В Марии Падилье — прекрасной в свои двадцать пять лет и гордой званием матери, — с распущенными волосами, которые ниспадали на скромное шерстяное платье, облегавшее по моде четырнадцатого века руки, плечи и грудь, для дона Педро заключались не только все его мечты, но и вся его любовь, все пережитые им чувства; она была доброй феей королевского дома, цветком души и сокровищницей счастливых воспоминаний короля. Дон Педро смотрел на нее с грустью.

— Меня удивляет, что вы до сих пор не покинули меня, Мария, — заметил он. — Правда, вы весьма удачно выбрали момент, когда мой брат Энрике бунтует, мой брат Фадрике предает меня, а король Франции, вероятно, объявит мне войну. Женщины, поистине, не любят несчастий.

— Разве вы несчастны? — воскликнула донья Падилья, сделав несколько шагов вперед и протягивая дону Педро руки. — В таком случае, я не еду, мне достаточно ваших слов, хотя в былые дни я спросила бы: «Педро, ты будешь рад, если я останусь?»

Король склонился к ней, и прекрасная ручка Марии оказалась в его руках. Он переживал одно из тех мгновений, в которых нуждается глубоко израненное сердце, чтобы немного любви зарубцевало его раны.

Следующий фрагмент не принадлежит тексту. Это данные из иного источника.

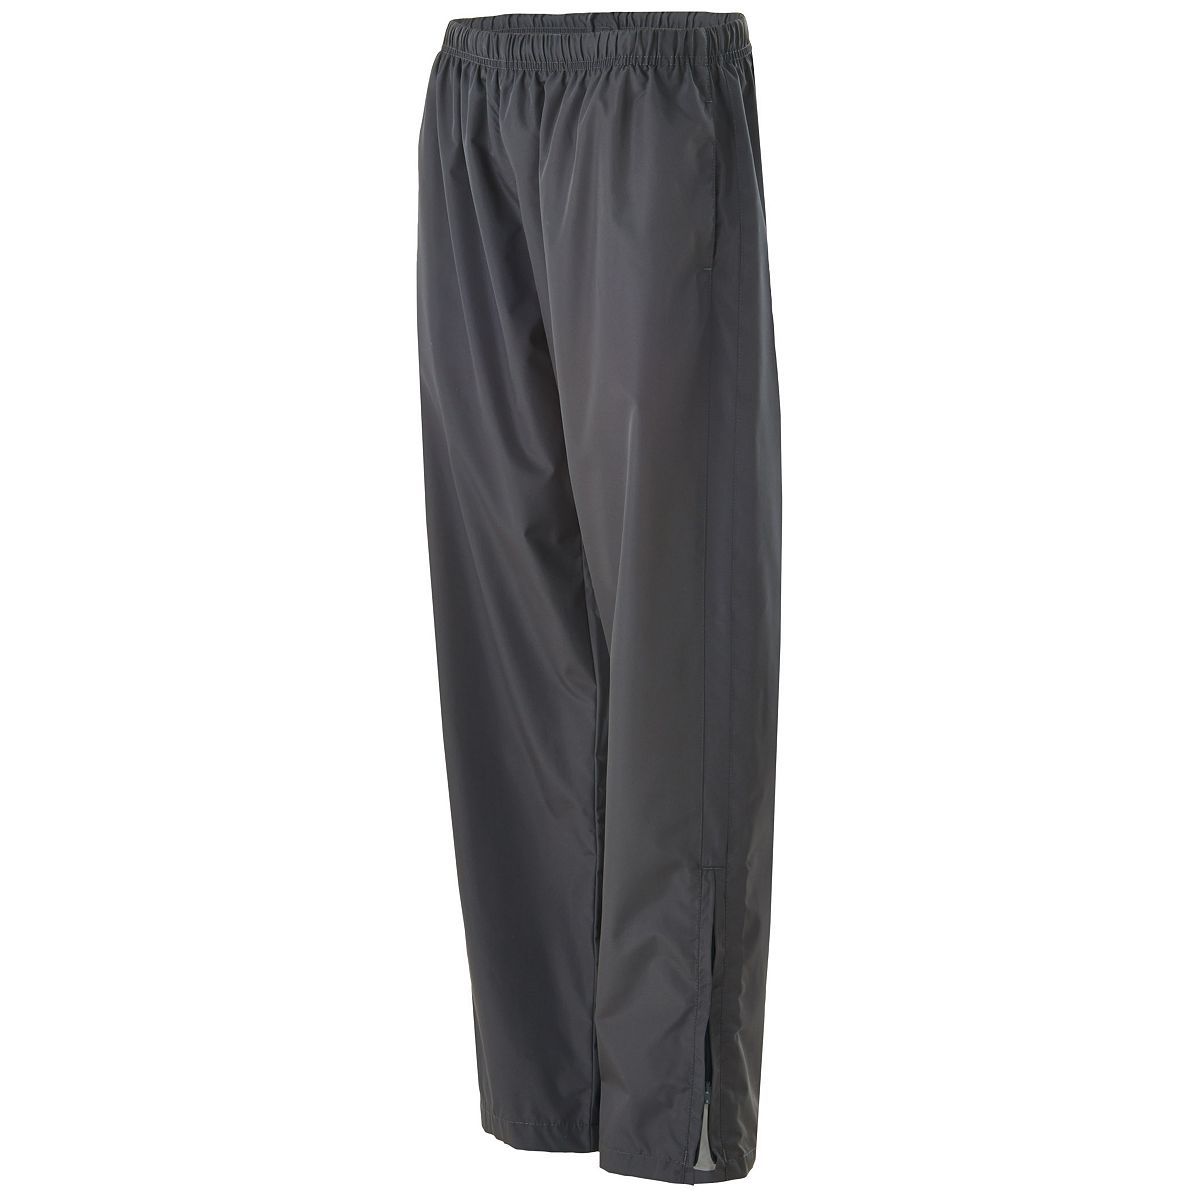 Holloway Sable Pant in Carbon/Carbon  -Part of the Adult, Adult-Pants, Pants, Holloway product lines at KanaleyCreations.com

Он поднес ручку к губам.

— Вы неправы, Мария, я люблю вас, — сказал он. — Хотя для того, чтобы вы нашли любовь, достойную вас, вам следовало бы полюбить не короля, а другого мужчину.

— Но вы же не желаете, чтобы я уезжала, — ответила Мария Падилья с той восхитительной улыбкой, которая заставляла дона Педро забывать обо всем на свете.

— Нет, если только вы согласитесь разделить в будущем мою судьбу, так же как вы делили ее со мной в прошлом, — сказал король.

Тогда с того места, где она стояла, Мария Падилья жестом королевы, заставлявшим поверить, будто она родилась у подножия трона, подала знак толпе слуг, уже готовых к отъезду, возвращаться в комнаты.

В эту секунду вошел Мотриль. Слишком долгий разговор дона Педро с любовницей встревожил его.

— Что случилось? — раздраженно спросил дон Педро.

— Государь, случилось то, что прибывает ваш брат дон Фадрике, — ответил мавр. — На португальской дороге заметили его свиту.

При этом известии ненависть, словно молния, промелькнула в глазах короля; Мария Падилья сразу поняла, что ей нечего бояться приезда дона Фадрике, и она, подставив дону Педро лоб, которого он коснулся бледными губами, вернулась к себе, улыбаясь.